What you want to get rid of, then, is everything between the end iterator that was returned, and the original end iterator that you gave it. These are the ? "garbage" values. So your erase call should actually be:
ints.erase(it, ints.begin()+4);
The call to erase that you have just erases everything beyond the end of the subsequence that you performed the removal on, which isn't what you want here.
What makes this complicated is that the remove_if algorithm doesn't actually call erase() on the vector, or change the size of the vector at any point. It just shifts elements around and leaves some "garbage" elements after the end of the subsequence that you asked it to process. This seems silly, but the whole reason that the STL does it this way is to avoid the problem with invalidated iterators that doublep brought up (and to be able to run on things that aren't STL containers, like raw arrays).
Erasing elements in std::vector invalidates iterators past the removed element, so you cannot use "foreign" functions that accept ranges. You need to do that in a different way.
EDIT:
In general, you can use the fact that erasing one element "shifts" all elements at further positions one back. Something like this:
for (size_t scan = 2, end = 4; scan != end; )
{
if (/* some predicate on ints[scan] */)
{
ints.erase (ints.begin () + scan);
--end;
}
else
++scan;
}
Note that std::vector isn't suited for erasing elements in the middle. You should consider something else (std::list?) if you do that often.
EDIT 2:
As clarified by comments, first paragraph is not true. In such case std::remove_if should be more efficient than what I suggested in the first edit, so disregard this answer. (Keeping it for the comments.)
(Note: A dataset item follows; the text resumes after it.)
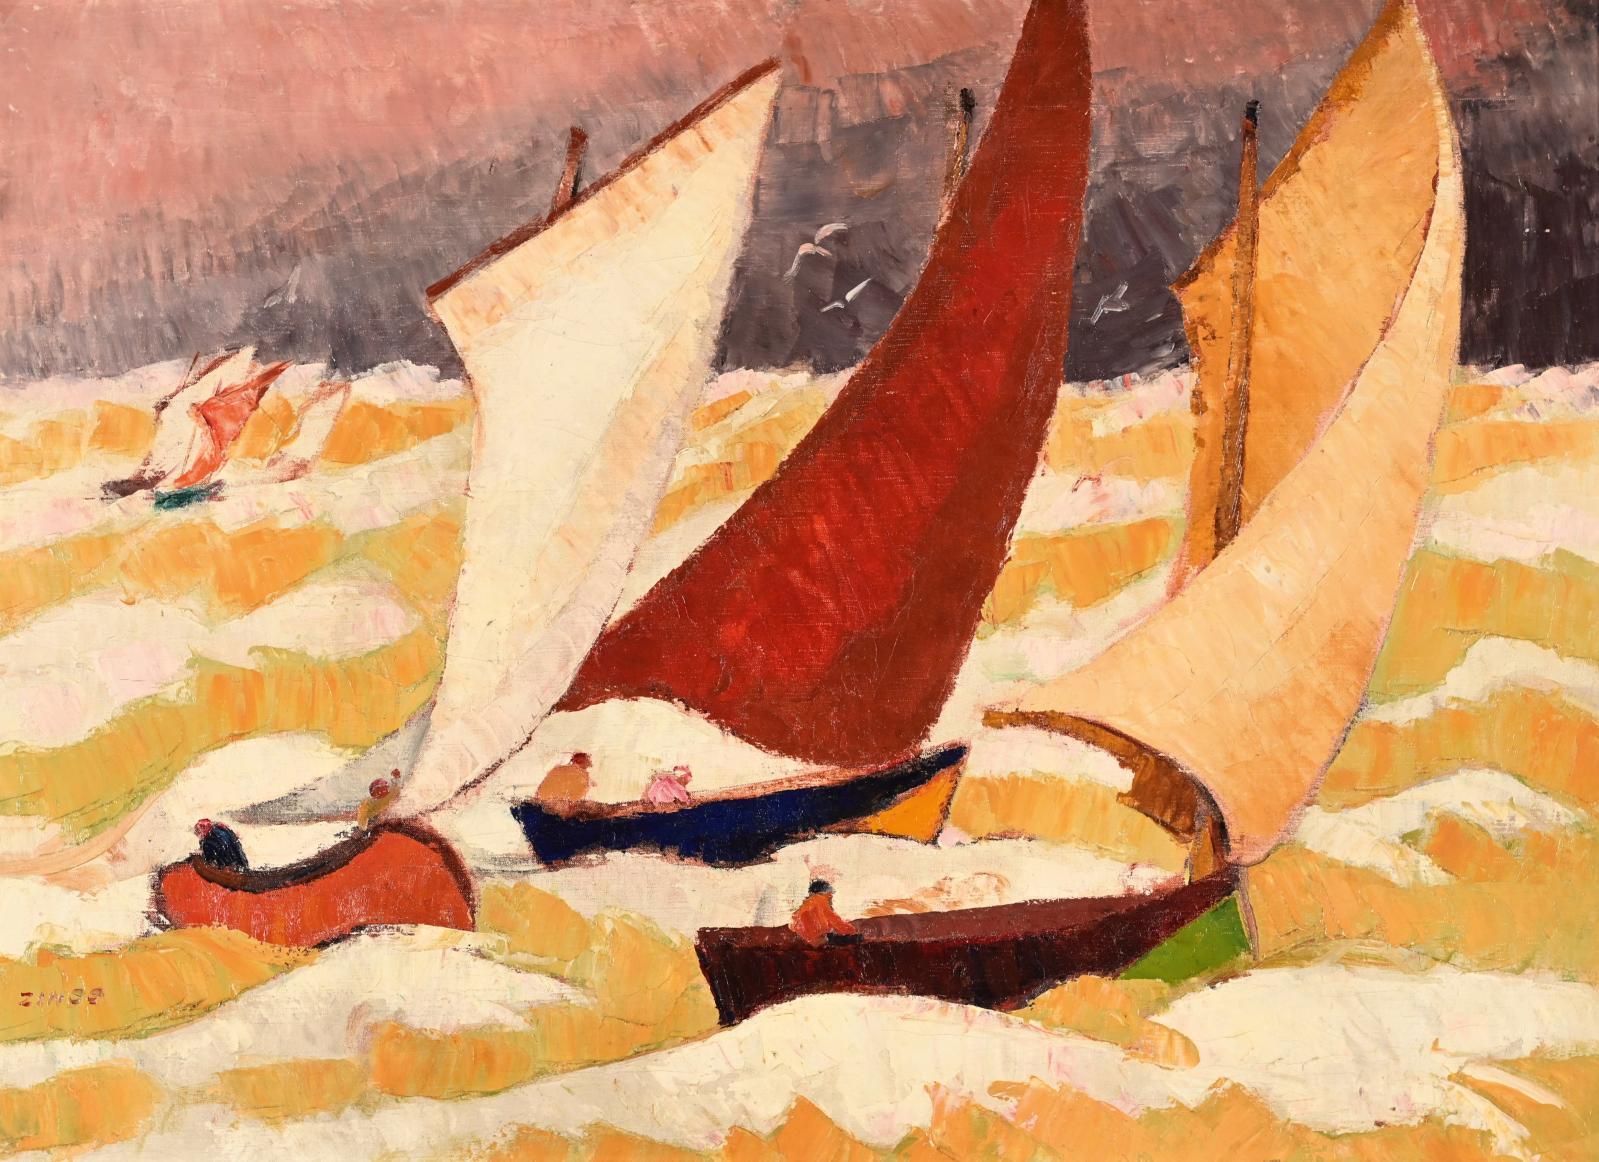 Il est plus connu pour ses paysages hivernaux francs-comtois, sa région natale. Pourtant, Jules-Émile Zingg(1882-1942) a également brossé

The behavior isn't weird - you're erasing the wrong range. std::remove_if moves elements it "removes" to the end of the input range. In this case, what you're looking for would be to do:
ints.erase(it, ints.begin() + 4 /* your end of range */);
From C++ in a Nutshell:
The remove_if function template
"removes" items for which pred returns
false from the range [first, last).
The return value is one past the new
end of the range. The relative order
of items that are not removed is
stable.
Nothing is actually erased from the
underlying container; instead, items
to the right are assigned to new
positions so they overwrite the
elements for which pred returns false.
See Figure 13-13 (under remove_copy)
for an example of the removal process.